In September, the Joint Chiefs of Staff chairman, Marine General Joseph Dunford, told the Senate Armed Services Committee at his reappointment hearing that, while he considered North Korea the foremost threat to the U.S. “in terms of the sense of urgency,” Russia led “in terms of overall military capability” and he expected China would become “the greatest threat to our nation by about 2025.”

China’s increasingly important role on the international stage was put in the spotlight last month during the quinquennial Communist Party Congress, which made President Xi Jinping’s consolidation of power and influence apparent for the world to see. Xi has rapidly reformed his country’s military, which boasted the largest standing army on Earth, to create a 21st-century fighting force capable of protecting Beijing’s initiative to establish trading routes across Asia, Africa, Europe and the Middle East, as well as countering the U.S. presence in the Pacific.
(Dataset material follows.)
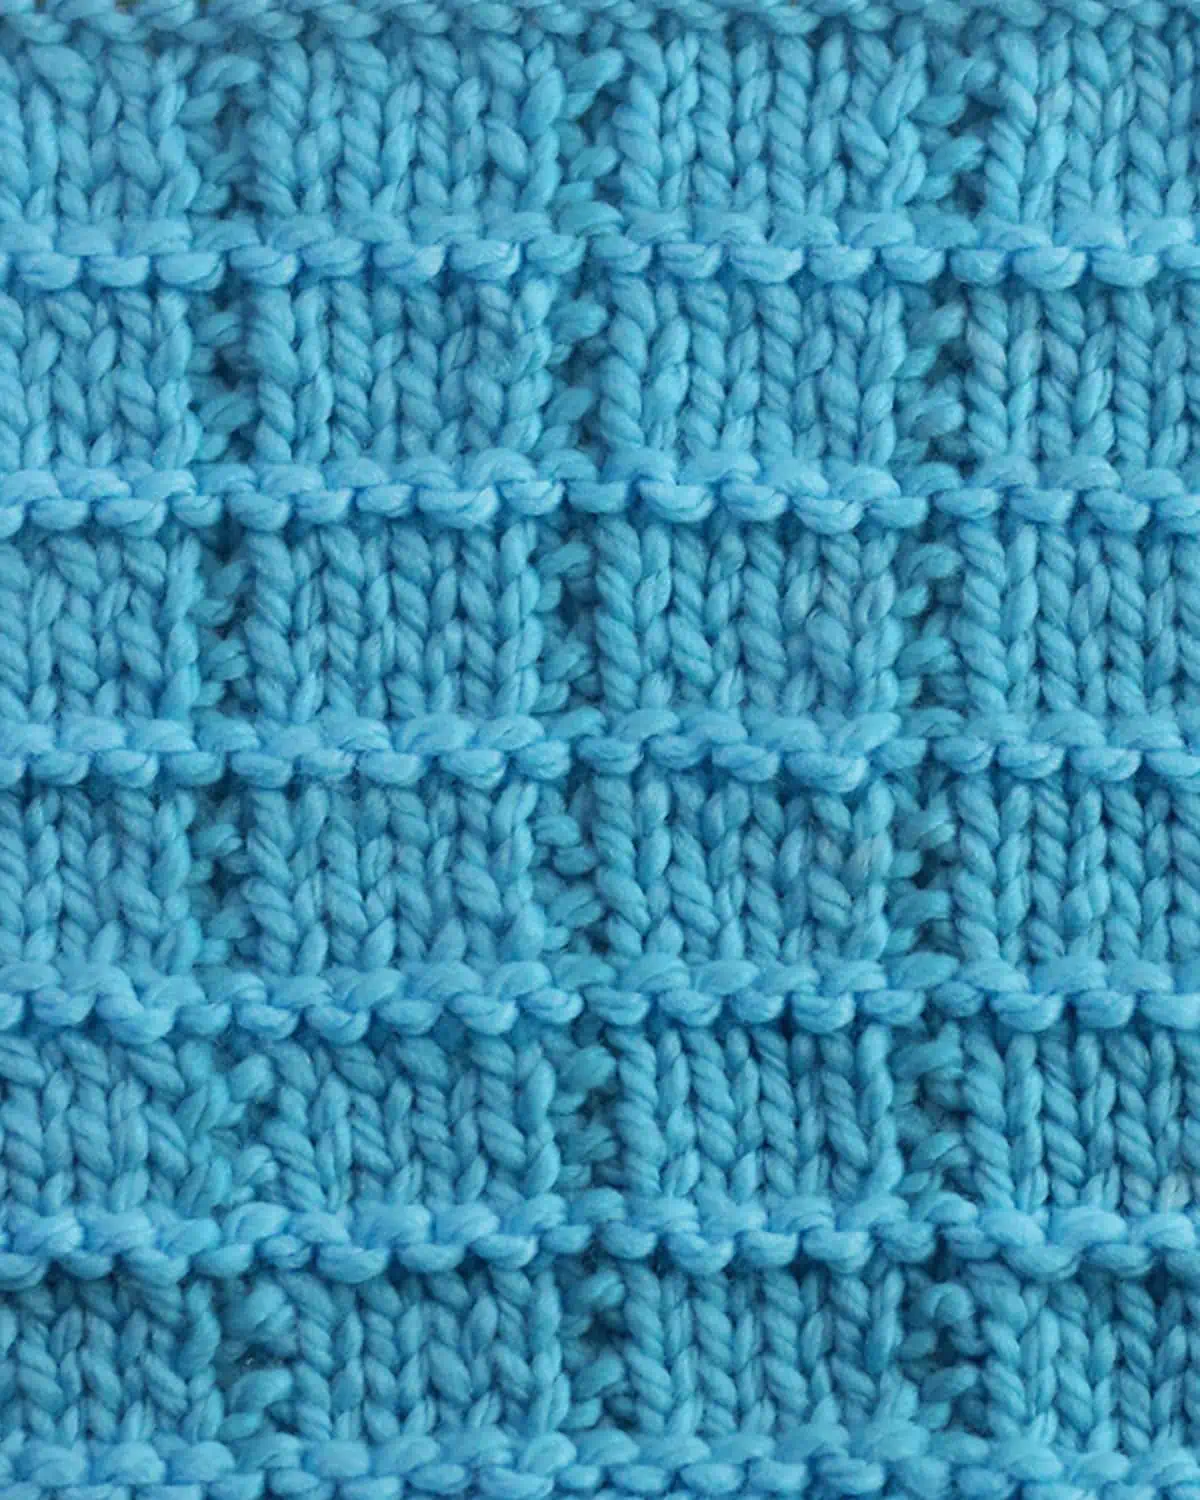 Tile Square stitch texture knitted with blue colored yarn.

Meanwhile, Russia’s military rise has been viewed as particularly challenging to Western interests, as the country has already begun to replace the U.S. as the leading power broker in the Middle East and has expanded its influence in Europe. Following Russian President Vladimir Putin’s 2014 annexation of the Crimean Peninsula, NATO assumed a more militant stance toward its rival, and the two have embarked on a major arms race across the region.

Xi and Putin have also sought to establish greater ties with one another in order to provide an alternative to the Western status quo. China and Russia have conducted joint drills across the world, from East Asia to the Baltics, and the Chinese Defense Ministry announced Friday that China and Russia would team up for an anti-missile exercise as both countries express opposition to the U.S.’s installation of the Terminal High Altitude Area Defense (THAAD) system in South Korea, according to Reuters.  [To read the ENTIRE ARTICLE at NEWSWEEK…]

If you knew that economic power is essential for military power, why wouldn’t you make every effort to undermine your adversary’s economy while strengthening your own? This is the essential understanding of economic warfare. You’d think our leadership would grasp this simple concept. And yet, we assume that our adversaries will be rational economic actors as we define it, ignoring the larger geopolitical issues. This is willful blindness, leading to the notion that our economic activity should always be for the global good and to maximize global profits. Thus, our American-based companies see themselves as global citizens. As we say constantly, “What we see as a global marketplace, our enemies see as a global battle space.” No wonder we have been losing at chess while thinking we were playing checkers.

The NATO report is an important step in connecting the dots. Now, we must recognize that this is a global economic war and it has been underway for some time. How we respond will determine our future.